= Cullman County Public Library System =

The Cullman County Public Library System (CCPLS) is a public library system located in north central Alabama. The main branch is located in Downtown Cullman, Alabama. The library system consists of five branch locations and bookmobile service that serves all of Cullman County, Alabama. The library system is guided by the Public Library Board of Cullman County consisting of five board members. The five board members are appointed by the Cullman County Commission and serve four year terms.

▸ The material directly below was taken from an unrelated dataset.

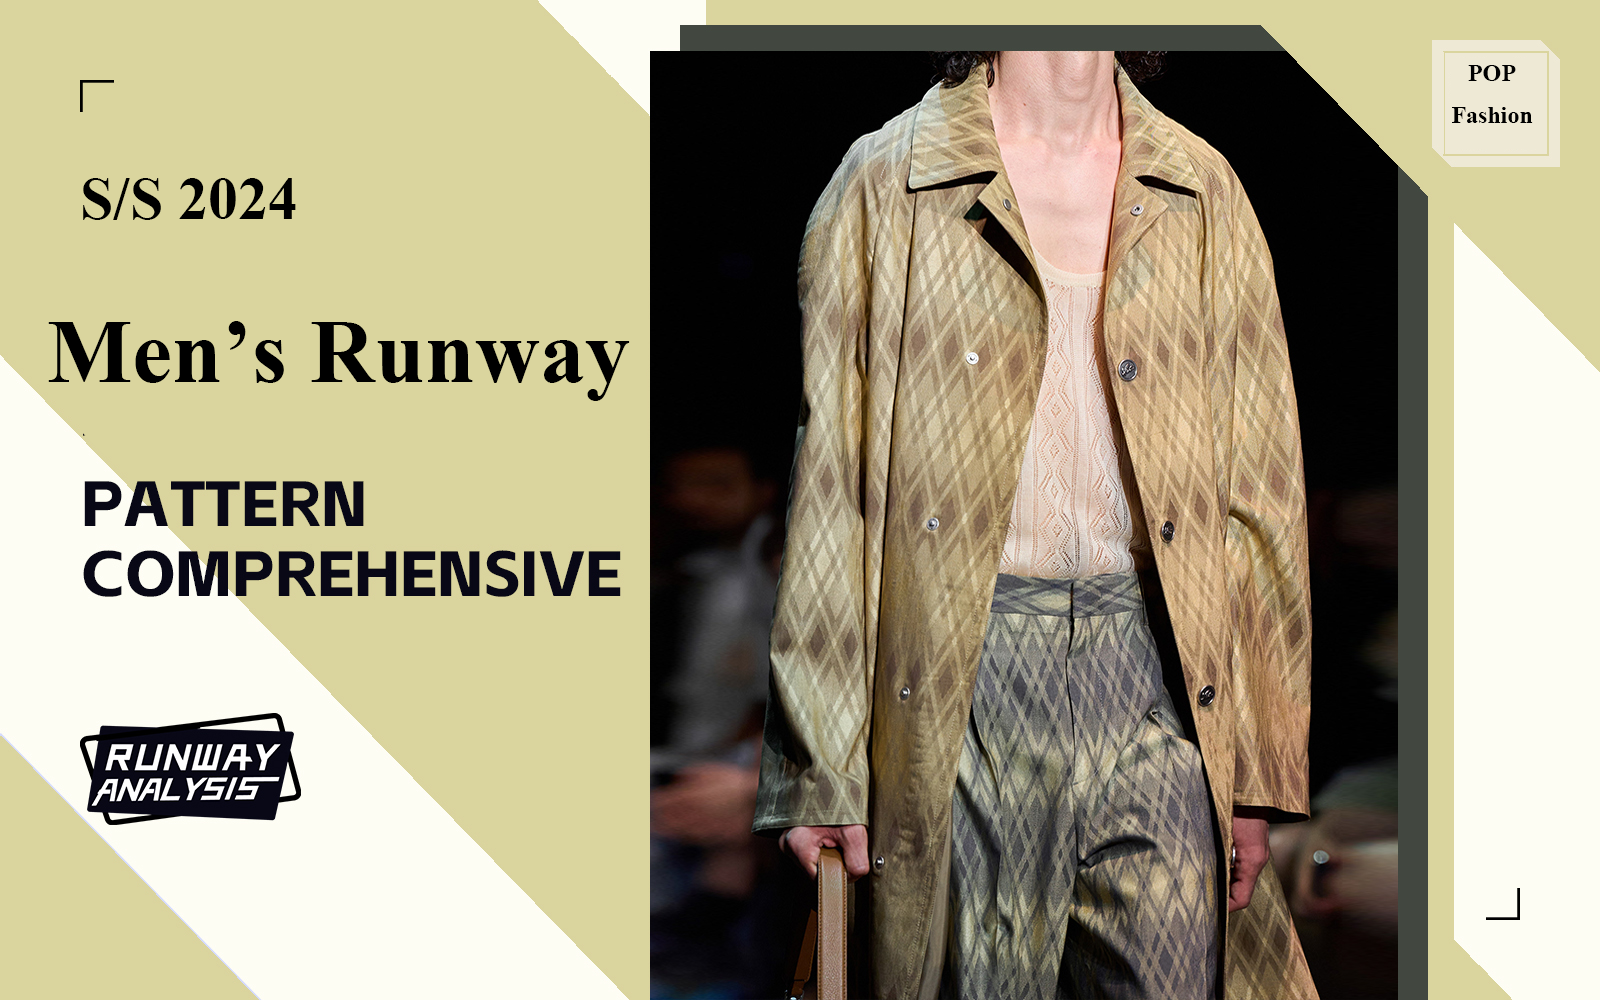 Leisure Holiday -- The Comprehensive Analysis of Men's Runway (Part 4)

== History of the Cullman County Library System ==
In 1890, Coronel John G. Cullmann appointed Professor S. A. Felton to head the first public library housed on the campus of the Cullman Polytechnic Institute. Sometime between 1894, when the public library moved to Allison's Drug Store, and in 1928, the library was disbanded and attempts to reopen the library were unsuccessful. In 1928, the new library opened in two rooms above Stiefelmeyer's after members of the Coterie Club raised funds for a new library through bridge parties and solicited book donations from the community. From 1928 until 1967, the library moved several times, to include the basement of the Fuller Building and the current City Hall Annex. Cullman County joined with Winston County, Alabama in 1952, forming the Cullman-Winston Regional Library Board, to provide rural bookmobile service to the residents of both counties. Bookmobile service continued, though Winston County decided to no longer participate in 1958, for Cullman County residents through 1981.

== Branches ==
There are five branches throughout Cullman County which offer youth, children and adult programs, a "Borrow a Librarian" service that offers one-on-one technology assistance, free WIFI and computer access, and genealogy resources.

Cullman Library

Located in downtown Cullman.

Garden City Library

Located in the Garden City Municipal Building in southern Cullman County.

Hanceville Library

Located in the old Merchants Bank building in downtown Hanceville, Alabama.

Tom Bevill Library

Located in the Tom Bevill Educational Center in Colony, Alabama.

Guy Hunt Library

Located in Holly Pond, Alabama.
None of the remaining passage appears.